A threat to freedom: the EU and online terrorist content

Hannah Bettsworth // 12 March2019

In the field of digital rights and civil liberties, all anyone’s talking about is the Digital Copyright Directive and saving memes. However, there may be a bigger threat passing under the radar of your average internet user. The Regulation on Preventing the Dissemination of Terrorist Content Online was published in September 2018, with the following main provisions:

  • Defining illegal terrorist content as “information which is used to incite and glorify the commission of terrorist offences, encouraging the contribution to and providing instructions for committing terrorist offences as well as promoting participation in terrorist groups.”
  • Introducing a one-hour time limit for removal of or disabling access to content when an administrative or judicial removal order is issued by a relevant national authority.
  • Requiring companies which host uploaded content to proactively find and remove terrorist material from their websites, including through automated filters.
  • Making companies preserve removed content as a safeguard against wrongful removals, but also for law enforcement purposes.

Firstly, there are technical concerns. The Directive, currently, includes cloud service companies which provide the infrastructure underlying data hosting.  They would find it technically impossible to comply. The Rapporteur, Daniel Dalton MEP, stated that the Commission told a committee hearing it had no intention of including such services in the Regulation and was attempting to cover Dropbox-style services.

That in itself raises questions about civil servants’ capacity to regulate the internet but is not the only technical issue facing the Regulation. The Hash Database is a voluntary initiative between Facebook, YouTube, Microsoft and Twitter to identify extreme terrorist content with unique markers in order to prevent re-uploading. Such content is classified under their terms of service, rather than legal definitions.

Technical filters cannot understand context: the Syrian Archive is constantly losing its YouTube uploads. Machine learning algorithms began to remove them faster than their team can back them up. Under the Regulation, the providers would have to retain the content for 6 months to assist law enforcement and to reinstate it if there was a successful appeal.

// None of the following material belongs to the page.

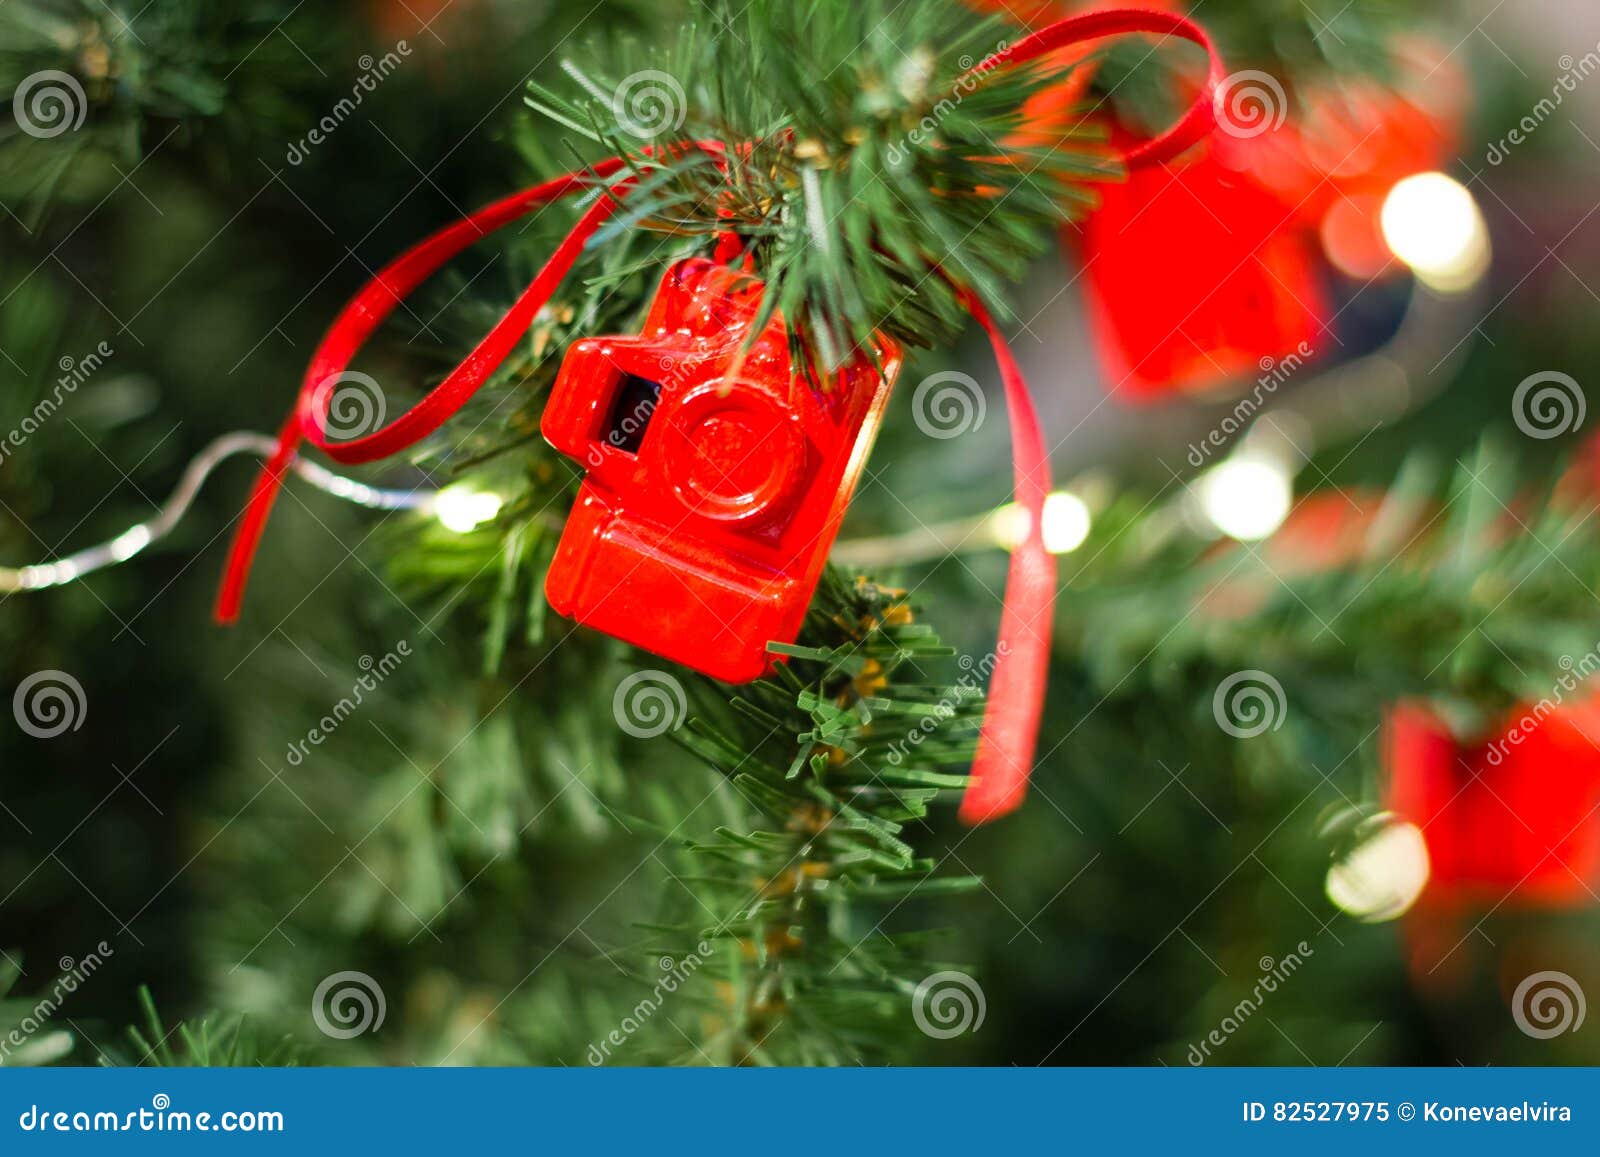 Vintage Christmas Decorations on the Christmas Tree Stock Image - Image ...

In this case, human rights defenders would already have missed the opportunity to raise awareness and the atrocities would be long-forgotten.

As such, the Regulation’s provisions for upload filters would be a real risk to freedom of information and expression on the internet. The European Parliament’s Culture and Education Committee has recognised this in its opinion on the Regulation, calling for an exception for educational, journalistic or research material and removing financial penalties which would incentivise overzealous blocking. There is also no exception or flexibility for micro-enterprises who would find it harder to process such requests, which the Parliament has sought to rectify in its amendments.

The UN Special Rapporteurs for freedom of opinion, privacy rights, and human rights in counter-terrorism have also expressed serious concerns about the proposals. They note that the definition of online terrorist content is broad enough to omit the question of intent – in other words, your content could be removed for advocating or glorifying terrorism even if your intent was nothing of the sort. This concern may seem overblown, but it is a reality in some EU countries.

The UK has recently passed a law which makes it a crime to view or access material useful for terrorism despite having no terrorist intent, unless you are a journalist, an academic, or did so accidentally. A French far-leftist who explicitly opposed ISIS was sentenced to 18 months in jail for praising the Paris attackers’ courage in fighting the police. A vegan activist got a 7 month suspended sentence for stating there was ‘justice after all’ when a shop butcher was killed by a terrorist. In Spain, rappers Valtonyc and Hasel have been convicted of ‘glorifying terrorism’ based on lyrics about killing royal and political figures. A student was also given a suspended one-year sentence for joking about the ETA’s assassination of a Francoist ex-prime minister. This was later overturned and led to a spate of copycat jokes and memes.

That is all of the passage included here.